México es un ejemplo paradigmático. Con una de las tasas de recaudación impositiva más bajas del mundo y una demorada reforma tributaria durmiendo en los cajones del Parlamento mexicano, Pemex sigue aportando buena parte de los ingresos fiscales. “Los ingresos petroleros del Fisco mexicano representan aproximadamente el 38.5 por cieno de las entradas totales del gobierno”, dice José Antonio Cerro, profesor e investigador del Departamento de Estudios Empresariales de la Universidad Iberoamericana (UIA), en Ciudad de México.
carga pesada
Guillermo Ortiz, gobernador del Banco Central de México, expuso hace unos meses el problema con cifras contundentes: de cada 100 pesos mexicanos que aporta Pemex al Fisco, sólo 10 se invierten en obras de infraestructura y los 90 restantes son utilizados para financiar gasto corriente federal. La falta de inversiones termina, como siempre, pasando la factura. Durante 2005 México exportó petróleo crudo por casi US$31,900 millones, pero debió importar gasolina por US$4,430 millones. Sin un caudal de inversiones que aseguren una suficiente capacidad de refinación, el país está obligado a importar derivados del petróleo a un precio más alto que el que muestran sus exportaciones de crudo.
Con esa carga sobre sus espaldas, no sorprende que durante el año pasado Pemex haya multiplicado sus pérdidas a US$7,077.8 millones, cinco veces más que en el 2004. Al menos un paliativo a esa pesada carga podría provenir de otro proyecto que duerme en el Congreso mexicano y que busca que Pemex comience a pagar impuestos sobre la base de sus ganancias en lugar de hacerlo sobre la base de su gasto corriente, como lo hace en la actualidad, lo que le obliga a endeudarse para financiar su carga tributaria.

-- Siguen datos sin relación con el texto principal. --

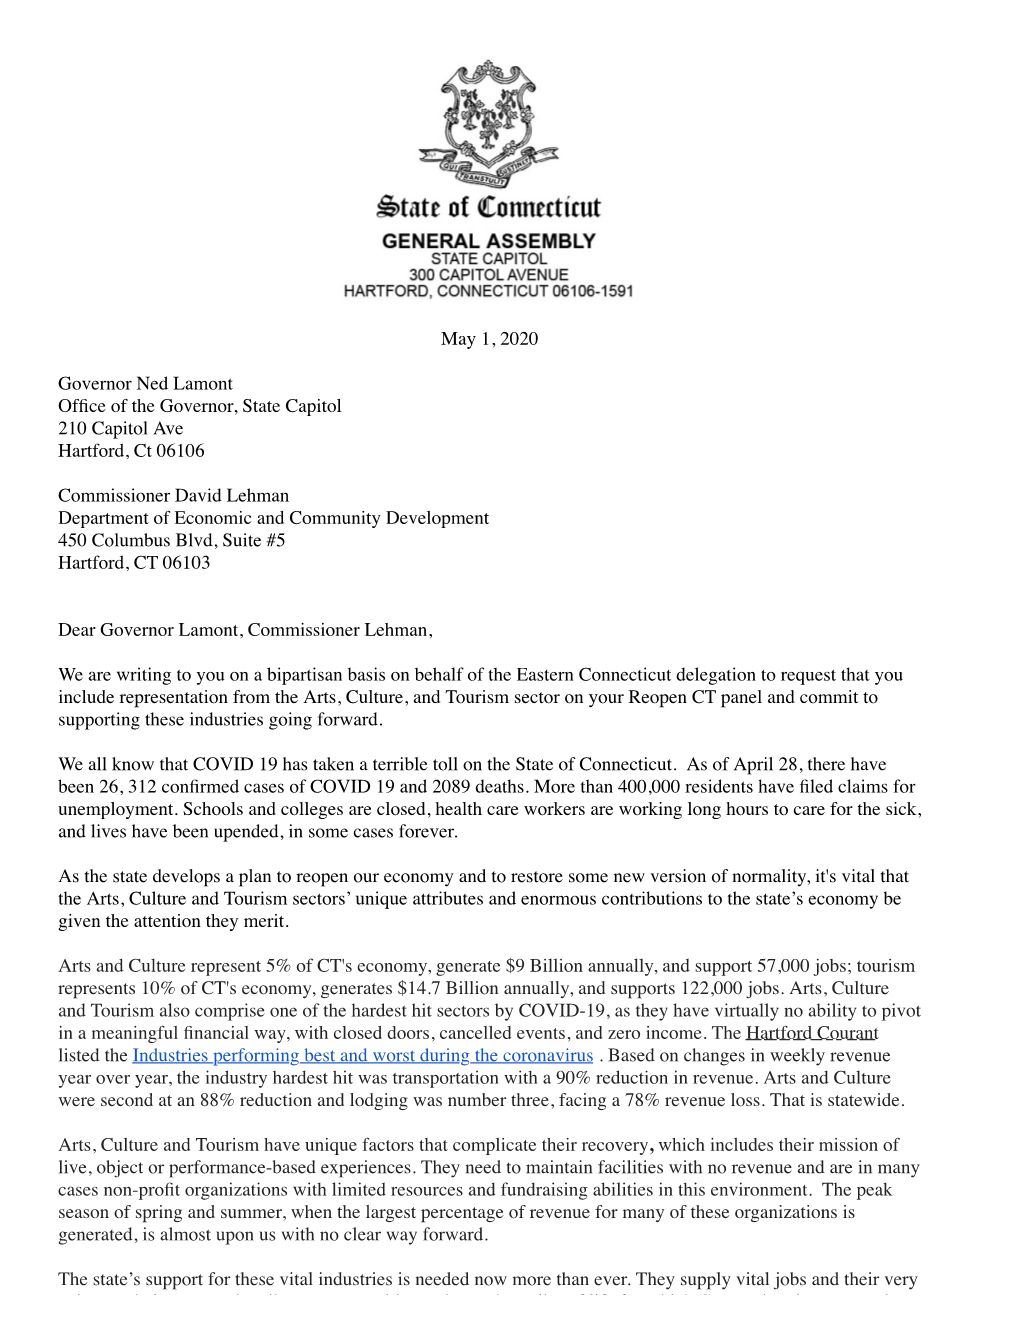 ACT Reopen Eastern CT Delegation Letter May 2020

Los índices de eficiencia también brillan por su ausencia en Pdvsa, el quinto exportador de petróleo del mundo, según datos de la OPEP (Organización de Países Exportadores de Petróleo). La productividad de la petrolera venezolana, que llegó a ser considerada como una de las más eficientes del mundo, continuó en declinación durante el 2005. La pregunta del millón que sigue sin responderse es qué pasará con Pdvsa cuando la bonanza petrolera termine. Y qué con Venezuela cuando deje de percibir el enorme flujo de divisas que actualmente ingresa a su economía. “El Gobierno venezolano no está invirtiendo en capacidad productiva y eso nos está haciendo perder una gran oportunidad”, dice Robert Bottome, director de la publicación especializada Veneconomía, en Caracas. “En lugar de crear más trabajo y oportunidades para el futuro, el gobierno de Hugo Chávez ha estado invirtiendo para que los venezolanos comamos por un día y luego volvamos a ser pobres”.
lógica política
El problema es que Pdvsa se convirtió en la caja con la que Chávez está financiando el proyecto de expandir su figura por buena parte de la región. “Pdvsa está manejada por la política del Gobierno Central y no por una lógica comercial”, dice Patricia Garip, editora regional de Argus Media Group. “La estatal venezolana necesita autonomía y ejecutivos que tomen decisiones en función de lo comercial y no de lo político”.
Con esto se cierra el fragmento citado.